The SpaceX Hyperloop test track — or Hypertube[4] — was designed in 2015 and was constructed in 2016, reaching its full length of one mile by October 2016.[28] The test track itself is also a prototype, where SpaceX anticipates learning from the design, build process and evaluates how to apply automated construction techniques to future Hyperloop tracks.[8]

 
Cross section of the Hypertube test track under construction for the Hyperloop pod competition in August 2016.

The design of the pod test track varies significantly from the Hyperloop tube design shown in the initial alpha-level Hyperloop design concept document released in 2013.[11] The Hypertube test track is designed to enable competitors who implement a wide array of designs and build pods that will test a variety of subsystem technologies that are important to new vehicle transport systems. This will include Hyperloop-specific pods—with air-bearing suspension and low-pressure compressor designs—as well as wheeled vehicle and magnetic levitation rail designs that will support a wide array of vehicle technologies to be tested. Some pods are expected to test only particular subsystems rather than a full Hyperloop-capable pod vehicle design; as well, many pods will have no on-pod compressor to prevent the high-speed choked-flow problem, very unlike the Hyperloop alpha design.[4]

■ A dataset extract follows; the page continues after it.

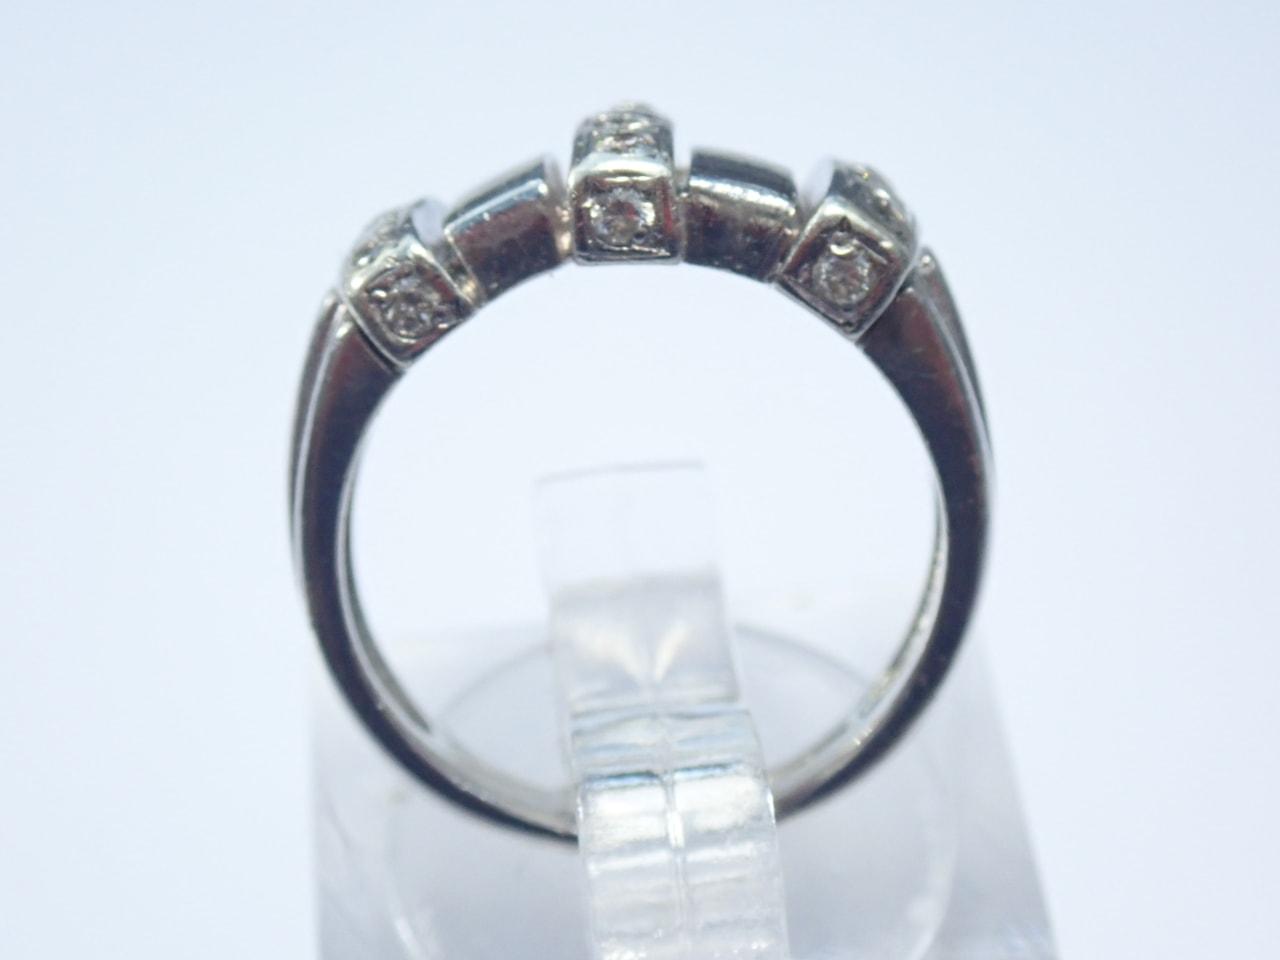 9ct Gold Diamond Ring - White Gold Size I- 5.1 grams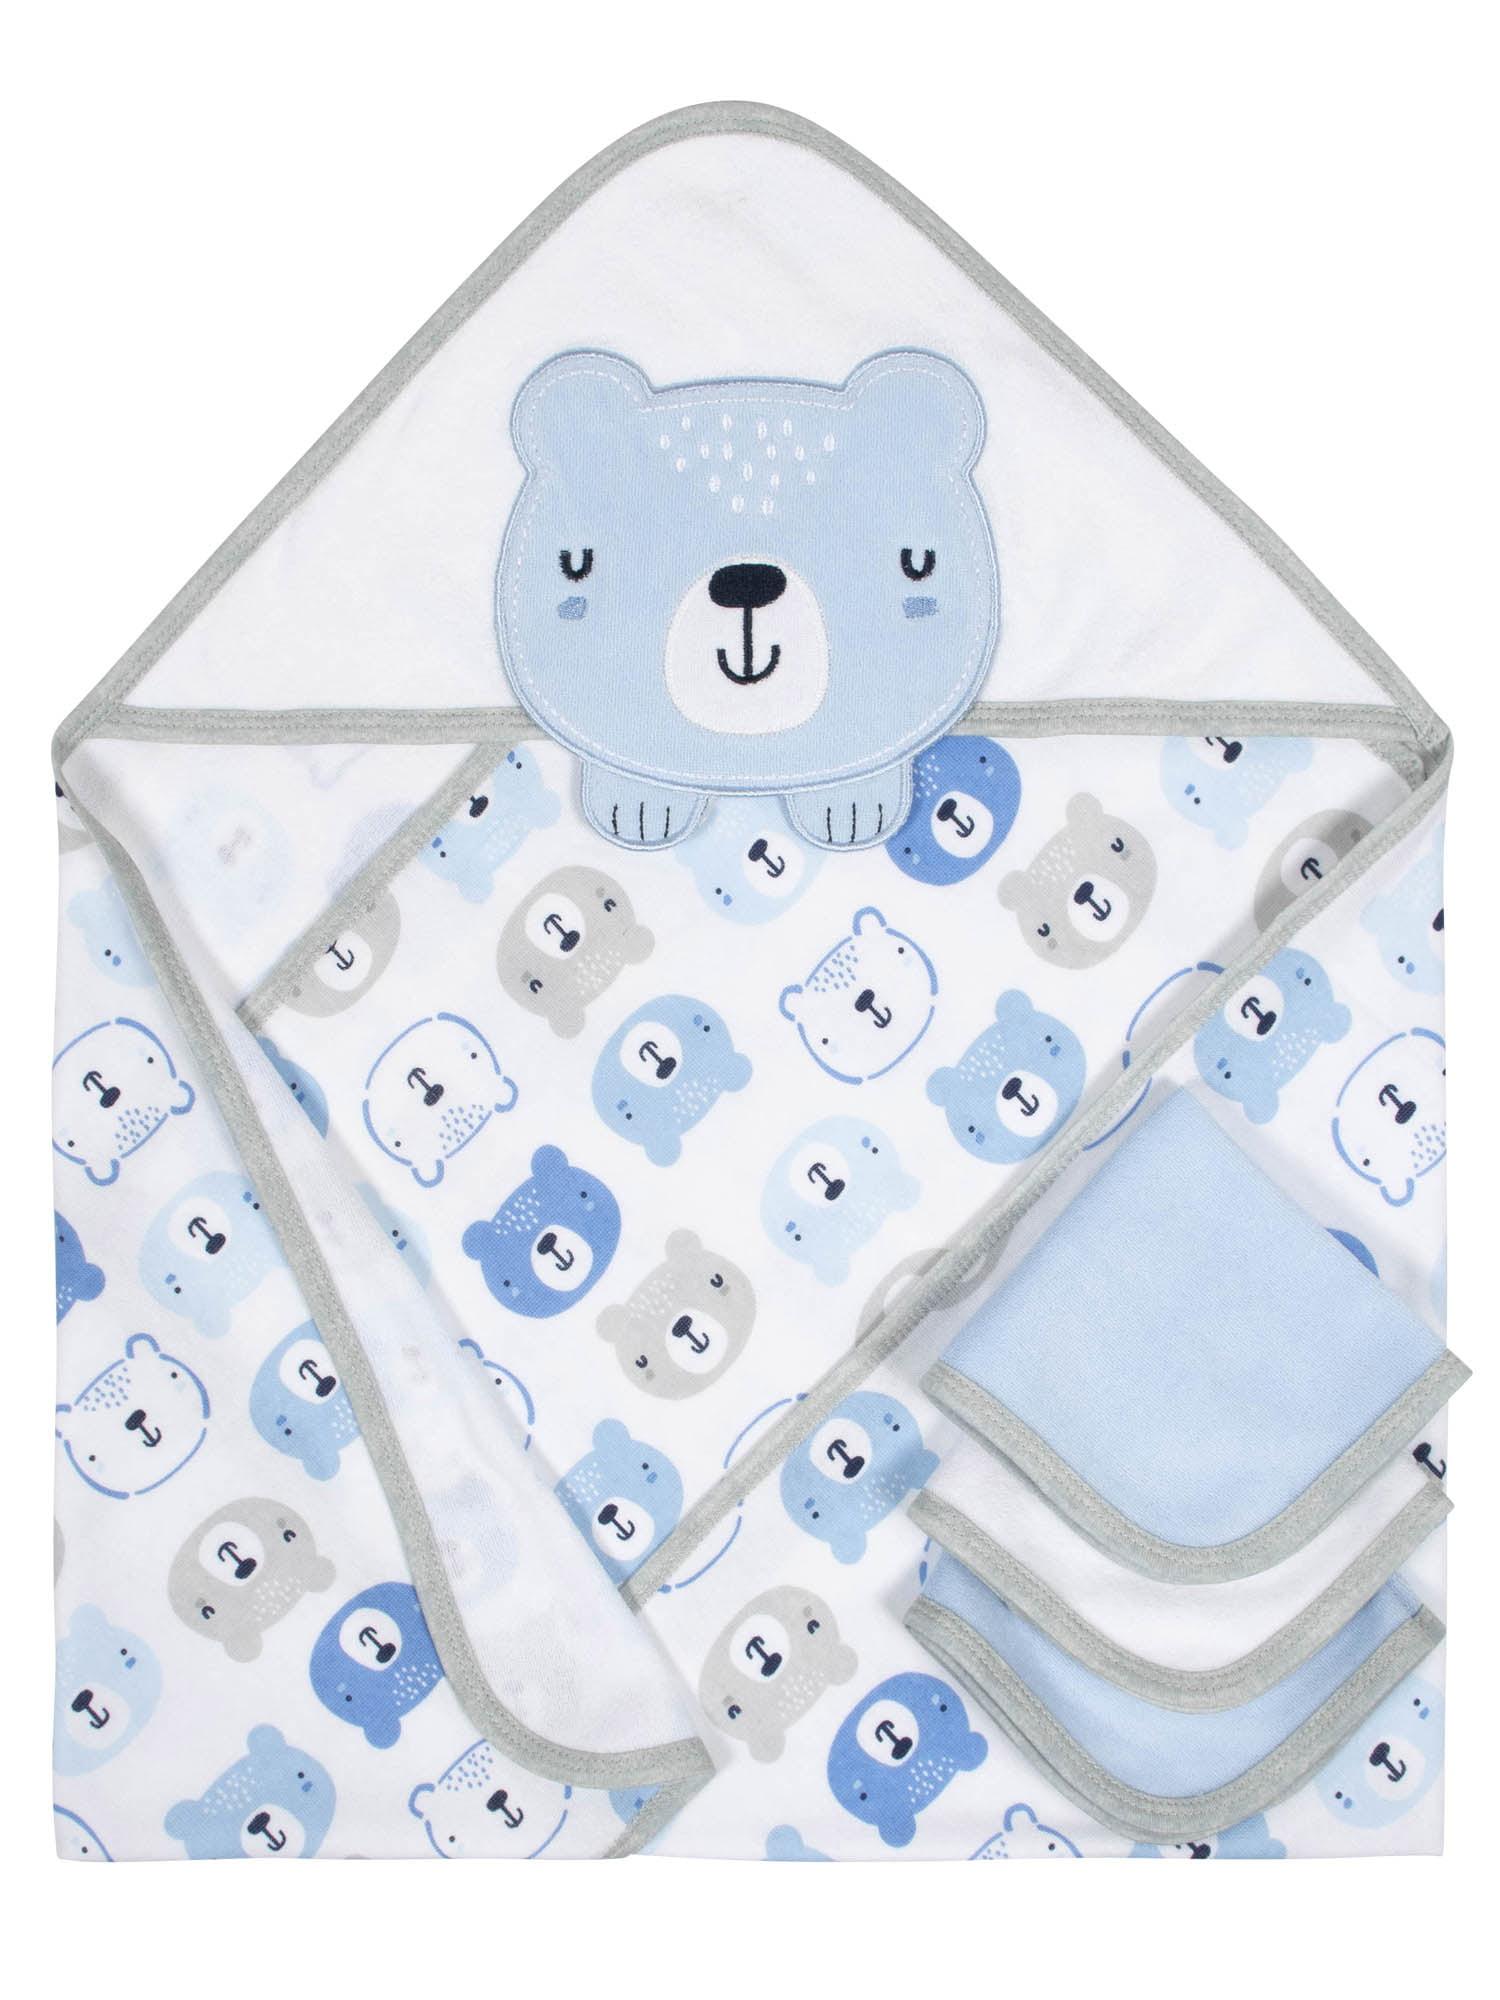 Gerber Organic Cotton Hooded Towel and Washcloths Bath Set, 4pc (Baby Boy)

Multiple systems will be allowed for propulsion and for levitation/suspension of various team pods. Three explicit suspension types are called out: wheels, air bearings, and magnetic levitation. Pod propulsion may be On-pod—as envisioned in the alpha Hyperloop design—or for the Hypertube test track, may use a SpaceX-provided Pusher to accelerate pods up to speed in the first 15 percent of track length, or even be unique (team-specific) Off-pod propulsion systems that would need to be integrated into the Hypertube for that Pod's specific test run.[4]

SpecificationsEdit

The test track specifications as of January 2016 include:[4]

  • Outer diameter: 1.83 meters (72.0 in)[4] (vs. approximately 2.3–3.4 m (90–132 in) for the tube in the initial alpha Hyperloop design document)[11]
  • Inner diameter: 1.79 meters (70.6 in)
  • Wall thickness: 18 millimeters (0.70 in)[4] (vs. 20–25 mm (0.80–1.0 in) for the tube in the initial alpha Hyperloop design)[11]
  • Length: 1.6 kilometers (1 mi) (approximate)
  • Materials
  • Subtrack thickness: 25 millimeters (1.0 in) for first and last 61 meters (200 ft); 13 millimeters (0.5 in) for remainder of tube
  • Internal pressure: 0.14–100 kilopascals (0.02–14.7 psi) (competitors may select tube operating pressure "in order to support various types of propulsion systems, compressors (if applicable), and outer mold lines"
  • Pumpdown time is expected to be as long as 30 minutes to reach the minimum pressure rating.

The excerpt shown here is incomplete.